Recently, I described the simple animation system I used for videos while at NVIDIA. After coming back, I’ve finally had some time to fix some remaining issues and and get a useful tool out of it. The core requirements remained the same:
- Frame-by-frame processing: No .avi or other intermediate files, only plain images.
- Leverage ImageMagick for the actual processing
- Parallel: Efficiently scale with core count
The ImageMagick part was working reasonable well, so I decided to stick with this. However, the original framework required to manually compute the frame offsets which made stitching cumbersome and blending nearly impossible. Looking closer at what was happening, it became quickly obvious that the framework was stream oriented, but it was not explicit anywhere.

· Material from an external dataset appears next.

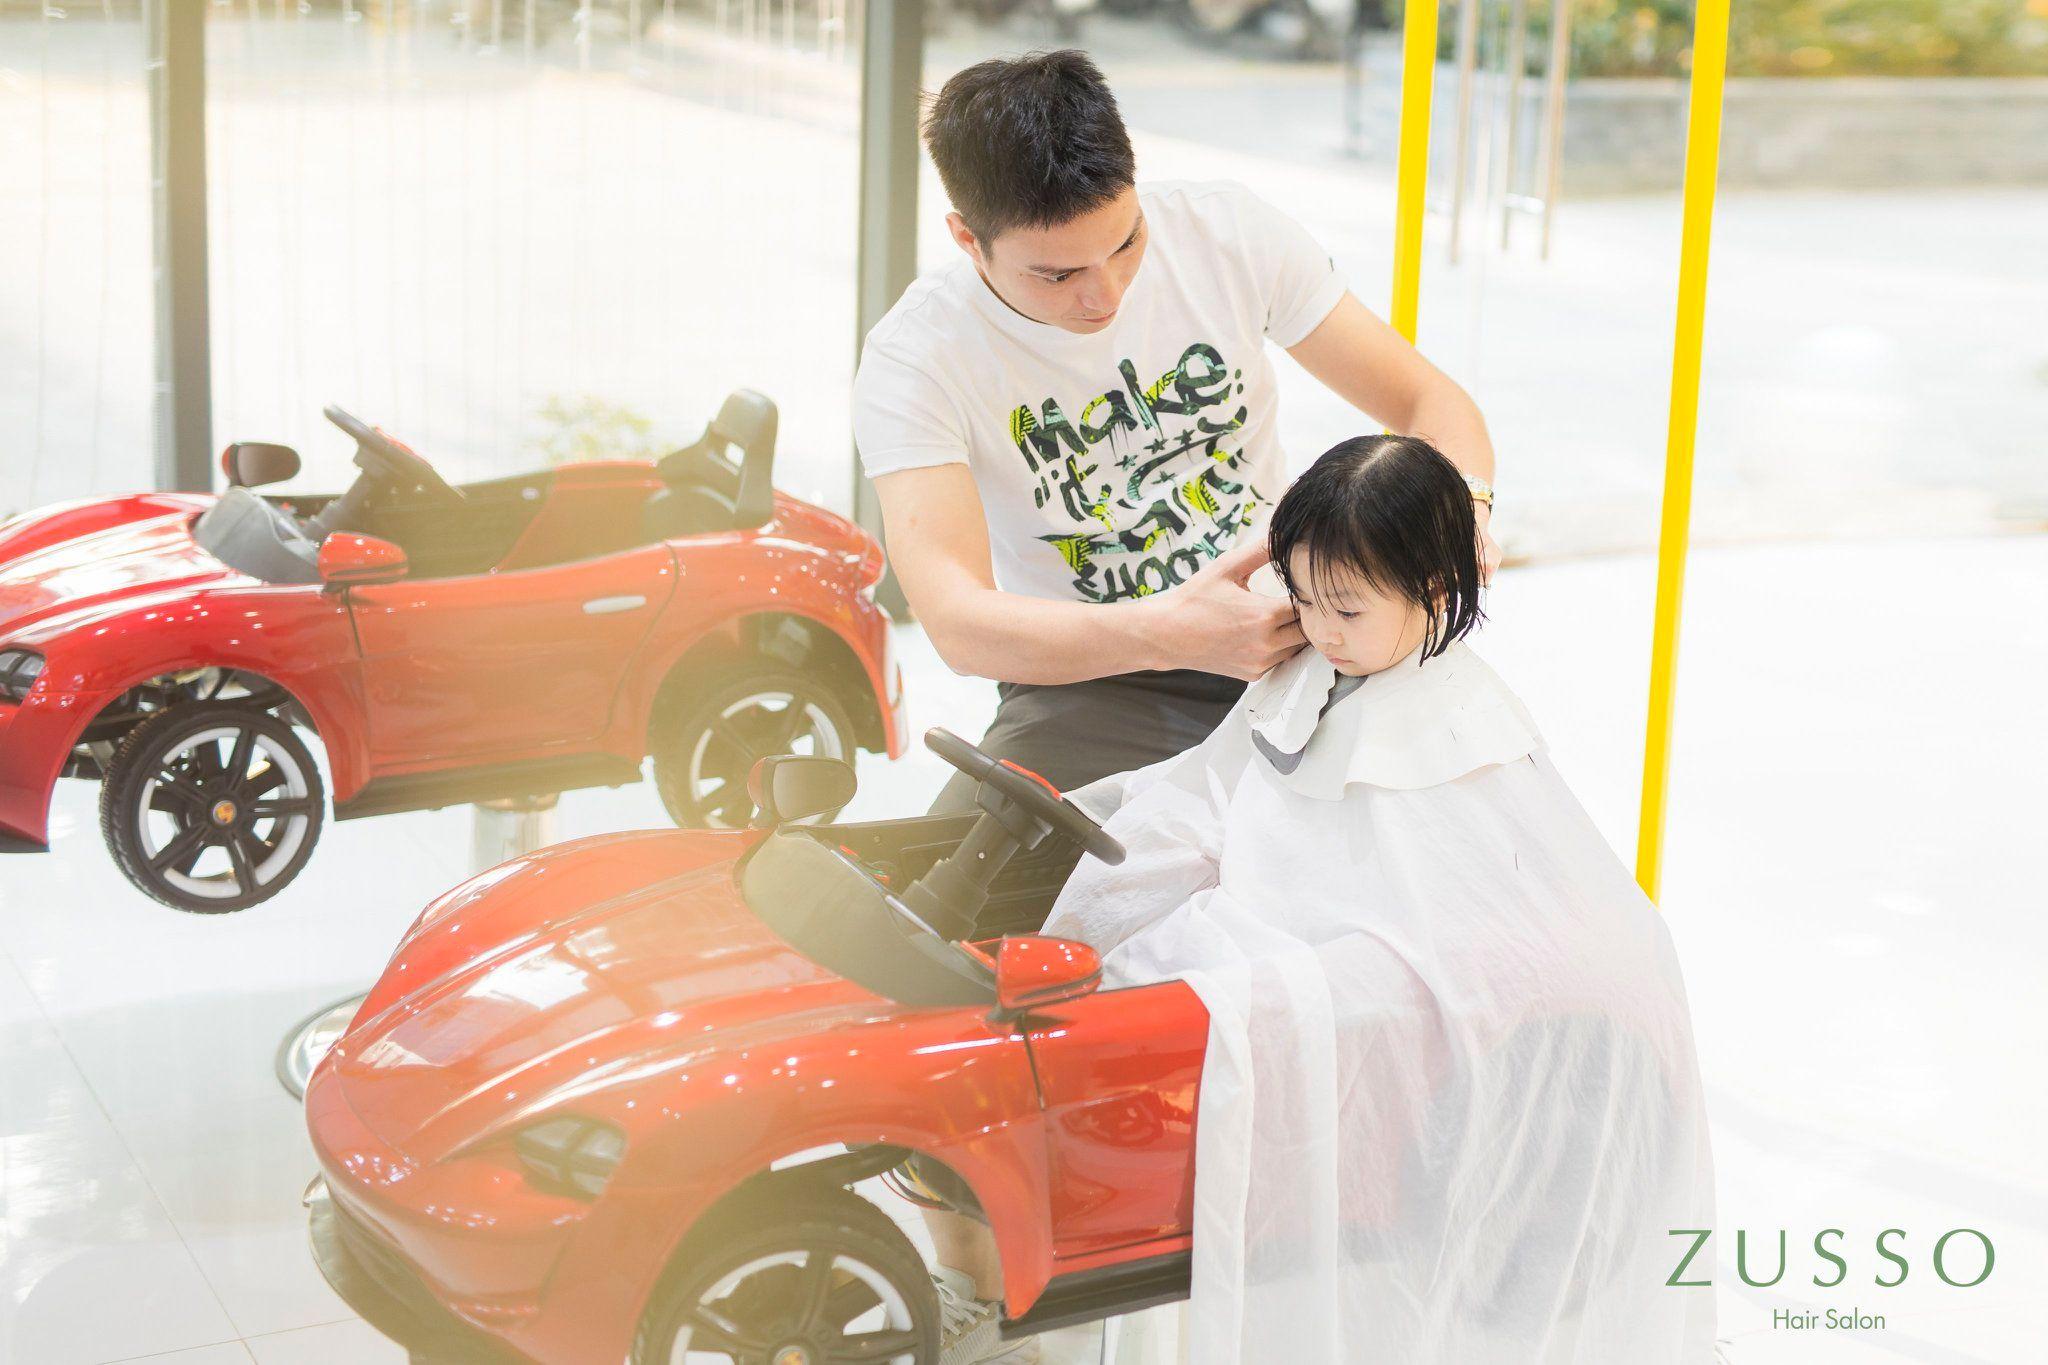 Nhuộm tóc an toàn cho bé để không bị ảnh hưởng đến sức khỏe

Enter Ava, the graph-based video processor. Right from the start, Ava is designed around the processing graph. For example, here is the graph for the SRAA video, which is already pretty big:
The key property is that the everything is designed around an image stream. Each node transforms one or more inputs into a single output; and can be evaluated independently of all other nodes. All frame indices are relative, that is, the graph can be easily composed as there is no “global” frame count. And finally, the processing order is bottom-up, or pull, instead of push. This means that each node executes its own inputs first before applying the transformation, minimising wasted work.
An interesting part is how the inputs are handled. As I use ImageMagick for the actual processing, the inputs have to present as files. What Ava does is while it walks the graph (where each node must have a unique name) it also generates unique file names for each node’s input and process. Generating them from the input side is necessary so that for instance a single node which gets piped into several other nodes does not continuously overwrite its own input. Of course, this means some duplicated work, but the net win is that there is no synchronisation whatsoever. Overwriting the same file all the time also has the added advantage that less file system flushes are necessary. Originally, I would delete each file and recreate it again for the next frame, but overwriting directly seems to be a tad faster on Windows.
All of the stuff used to generate the SRAA video is also really compact. There are 11 different node types in total (roughly 200 lines of Python), plus 300 for the graph and finally 100 lines or so of scaffolding. Individual frames can be easily piped into FFMpeg, so there is no comfort loss anywhere. The amount of code is smaller than the original framework, which had less features — mostly because the declarative part (the graph) is split into JSON instead of being intermingled with the processing code.
So much for the definitive version of the animation framework. I completely scrapped the old one in favour of Ava, and when reading the old blog post you should be aware that it was only a proof-of-concept while this here is the real McCoy.